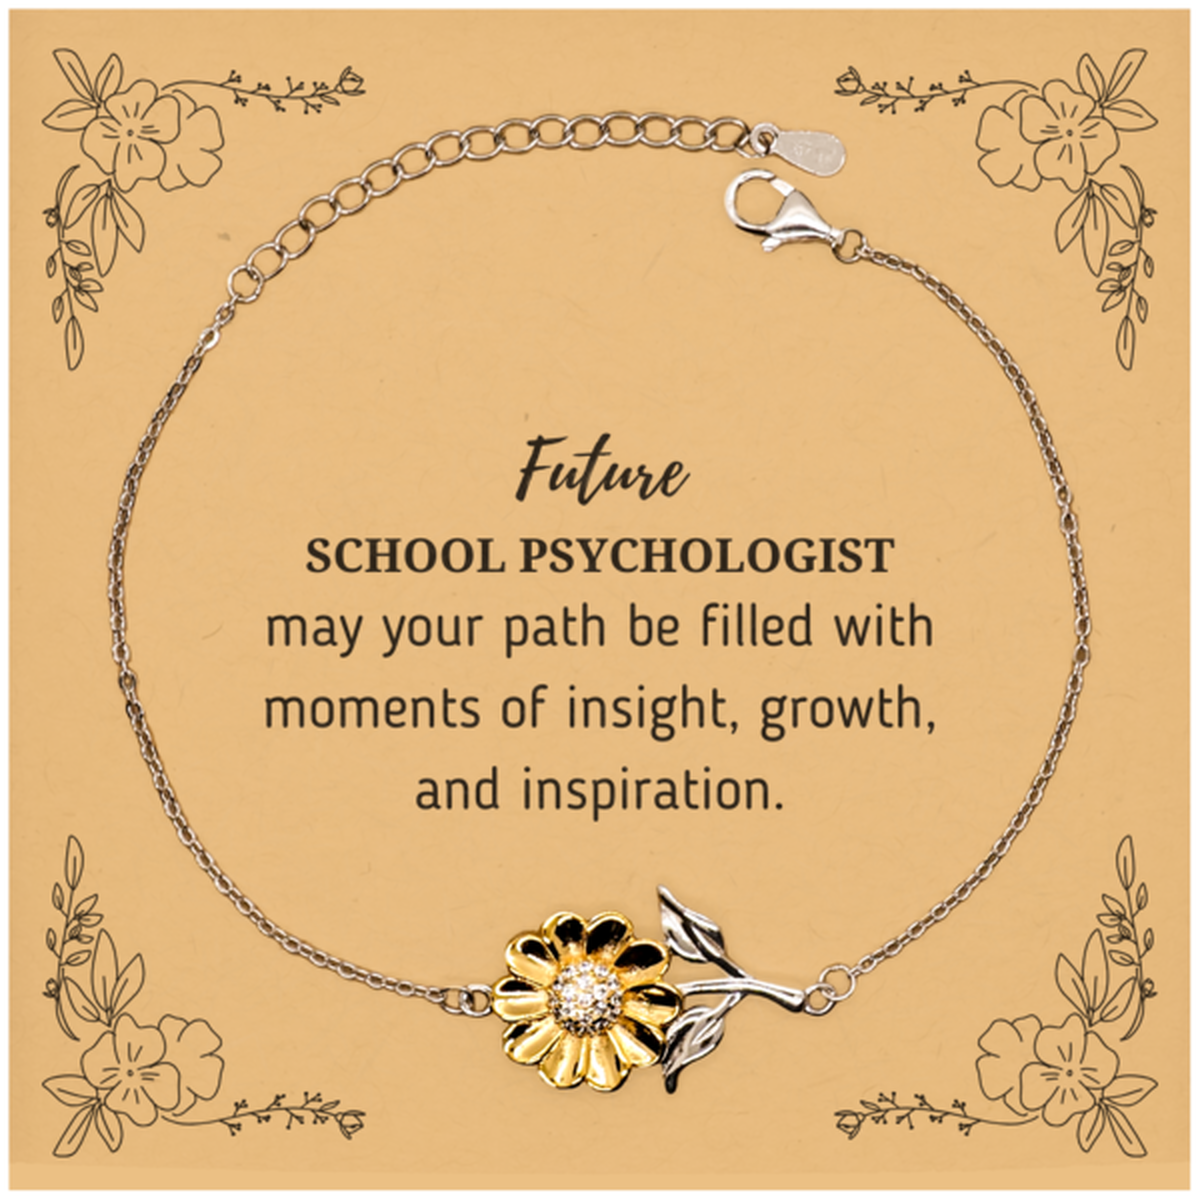 Future School Psychologist Gifts, May your path be filled with moments of insight, Graduation Gifts for New School Psychologist, Christmas Unique Sunflower Bracelet For Men, Women, Friends
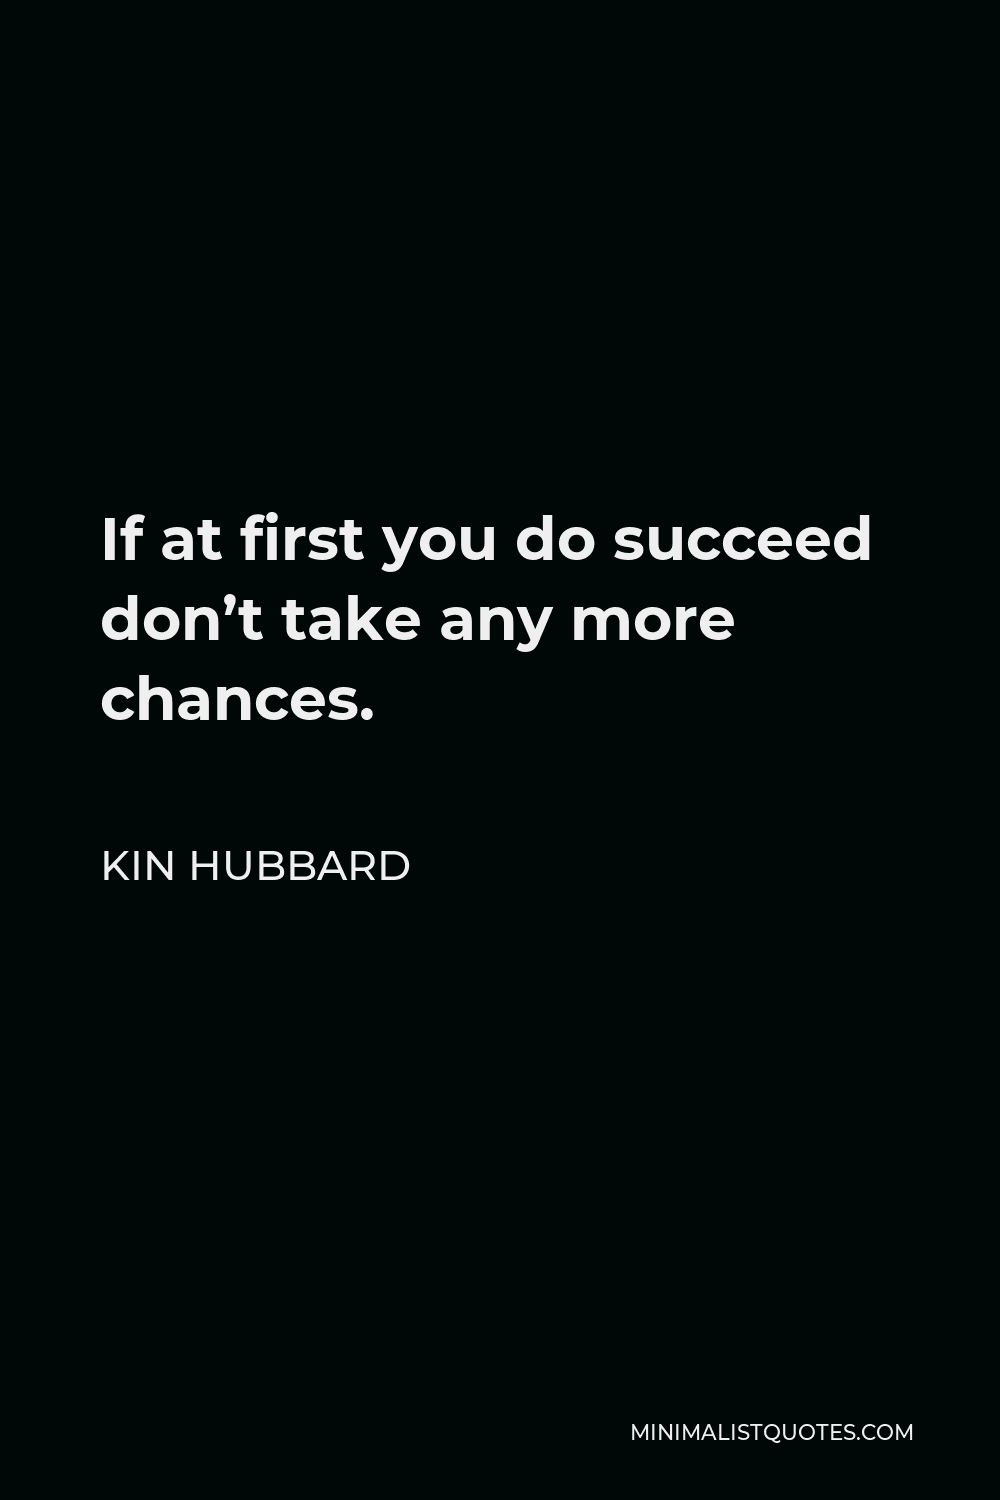 Kin Hubbard Quote - If at first you do succeed don’t take any more chances.
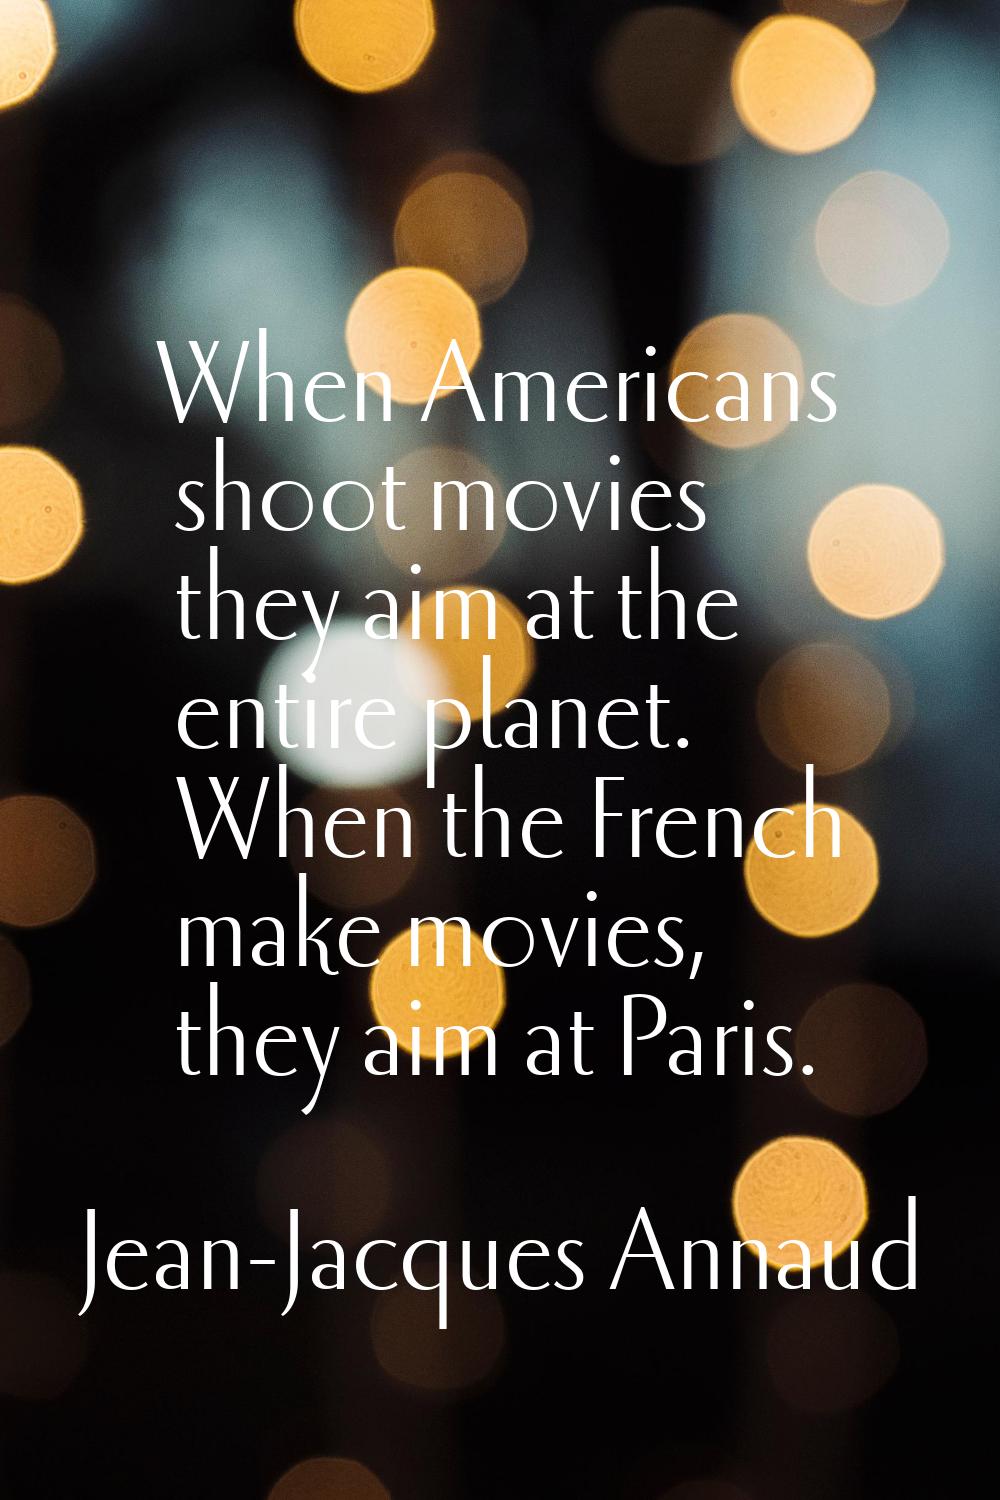 When Americans shoot movies they aim at the entire planet. When the French make movies, they aim at

◆ **Task to complete**
Without including any picture, reproduce all of the material exactly.

◆ **Task answer**
 Future School Psychologist Gifts, May your path be filled with moments of insight, Graduation Gifts for New School Psychologist, Christmas Unique Sunflower Bracelet For Men, Women, Friends
 Kin Hubbard Quote - If at first you do succeed don’t take any more chances.
 When Americans shoot movies they aim at the entire planet. When the French make movies, they aim at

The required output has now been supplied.